Both Lin and Peng worry that even when New York City begins to reopen, which could happen as early as May 28 when the PAUSE order expires, business will continue to suffer.
“Even though we may reopen by the end of this month or whatever, I don’t think people are going to be coming out to eat or shopping,” Lin said. “I don’t think that business will recover just like before.”
Peng expressed concerns that people might not be willing “to step into Chinatown” and could continue to avoid Asian American neighborhoods, adding that without “foot traffic,” it’s difficult for restaurants and other businesses to remain afloat.
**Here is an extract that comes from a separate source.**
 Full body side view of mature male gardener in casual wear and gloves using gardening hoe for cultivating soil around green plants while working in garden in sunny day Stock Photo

Elizabeth Yang, an attorney who serves on the board of the Los Angeles-based Asian Business Association, lives and works in Southern California’s San Gabriel Valley, where there is a large Asian American population. She said that even weeks before stay at home orders took effect, the community “noticed a significant decrease in the number of customers that were frequenting all of the Chinese restaurants in the area.”
“So they think the virus comes from the Chinese people and then our president doesn’t help by calling the virus the ‘Chinese virus’, and other politicians are all calling it the ‘Chinese virus,’ so people who are ignorant think that oh, Chinese people have the virus,” Yang said, adding that “after the quarantine lifted, it’s going to be very similar.”
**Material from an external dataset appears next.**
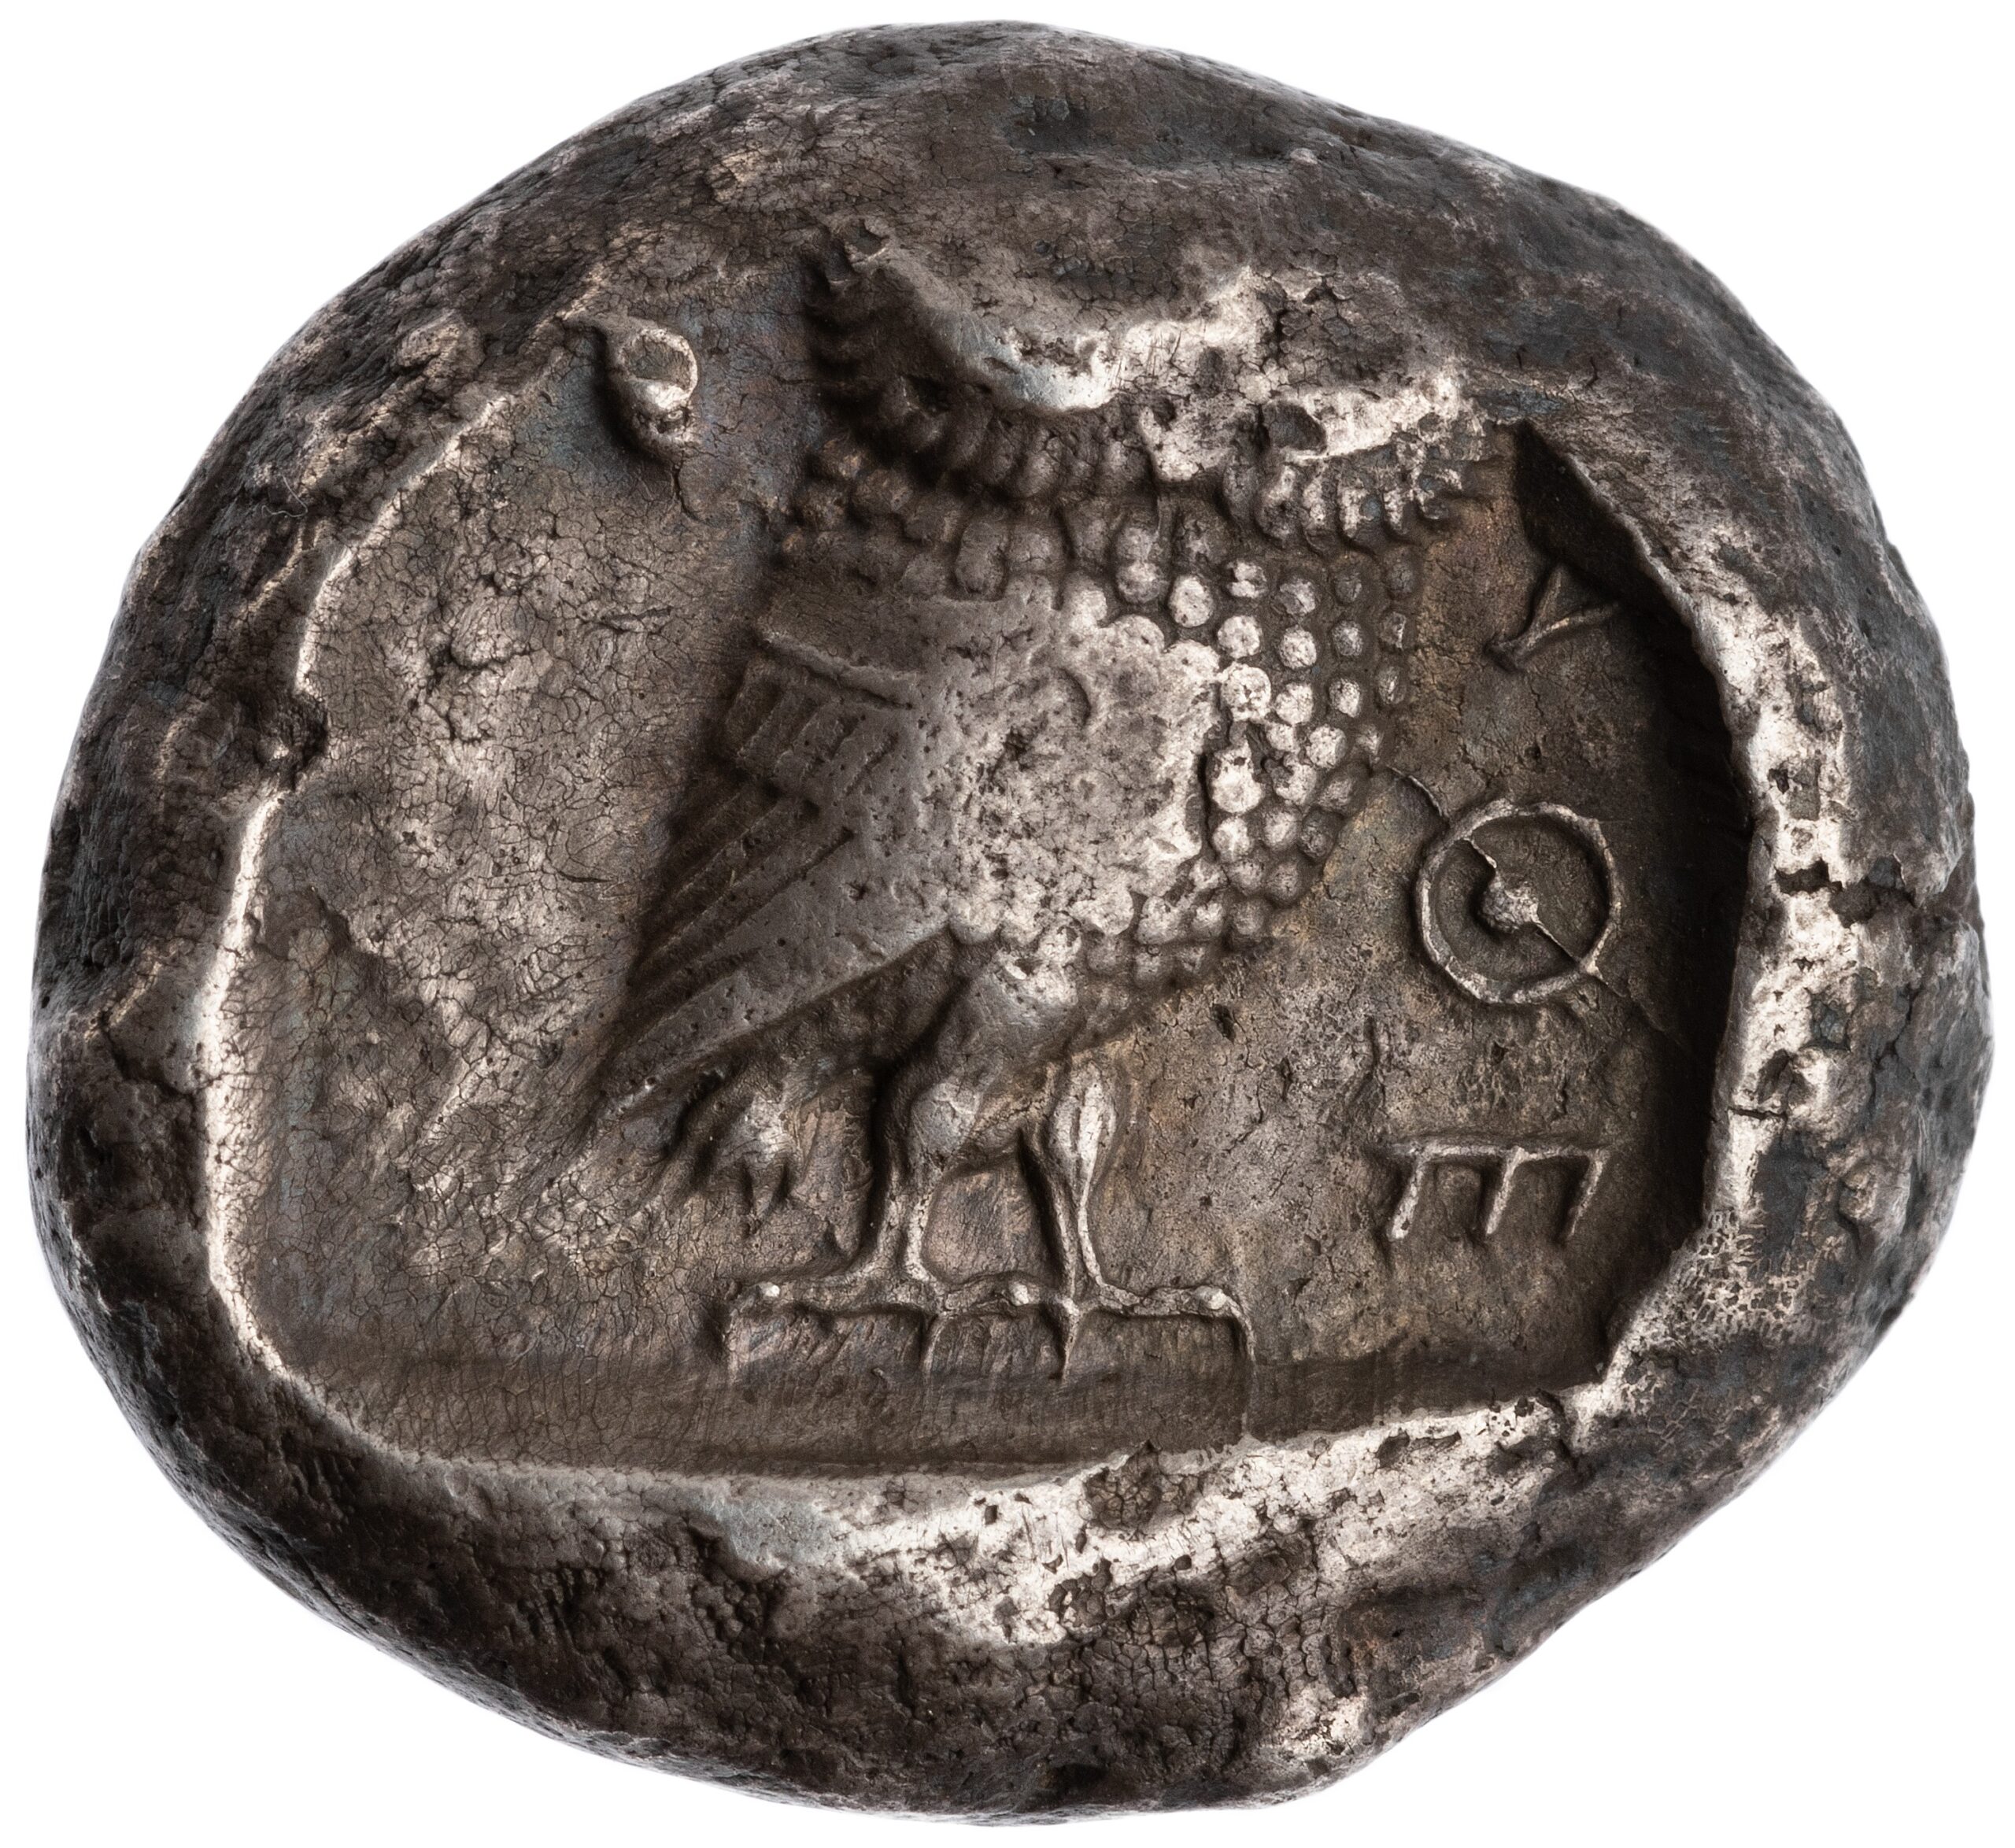 The First Athenian Owls: Symbols of What Exactly?

“A lot of Chinese restaurants are going to go out of business,” Yang predicted.
What help is available
Asian American business organizations and nonprofits across the country have been rallying to support their fellow business owners in the community who have been hit hard economically by COVID-19.
Through the Asian Business Association, Yang and her colleague James Hsieh have been hosting webinars and virtual training sessions during the pandemic to teach business owners how to shift some operations digitally.
Hsieh said that the digital marketing company he runs is busier than ever as business owners reached out for guidance amid the pandemic.
“We have seen an influx of questions and inquiries of how can we help them pivot their business to be more online focused … we’re trying to educate people out there [on] how they can leverage the online channel, the advertising channel, their websites, to get free traffic or just to find ways to increase exposure,” he said.
Yang added that “brick and mortar” businesses that are “not based online” have been especially hit hard and the learning curve is especially steep for older business owners who are not digitally savvy.
“They’re having a really hard time adjusting,” she said. “They’re basically trying to learn the technology as well as all the adjustments all at the same time, and it’s overwhelming when they’re struggling.”
Meanwhile, Asian Americans for Equality (AAFE) launched its own fund to provide loans to small businesses and the nonprofit has been working with business owners like Lin and Peng to help them apply for federal relief.
Both Lin and Peng received in-house loans from AAFE and received assistance from the Renaissance Economic Development Corp. in applying to the Payment Protection Program — the federally backed emergency loan program to help hard-hit small businesses.
As expenses mount, businesses remain shuttered and the incidents of xenophobia continue to impact the lives and livelihoods of Asians Americans during the crisis, Malalis of the New York City Commission on Human Rights said she wants to emphasize how important it is to report them, “regardless of whether or not they themselves personally want to avail a remedy.”
“The lingering anti-Asian fears that people will have after or during our emergence from COVID, that is rooted in deep-seated racism, deep-seated miseducation,” she said. “And it’s only by documenting this stuff during a time of crisis do we know what we have to then start really seriously addressing when we’re not in the time of crisis.”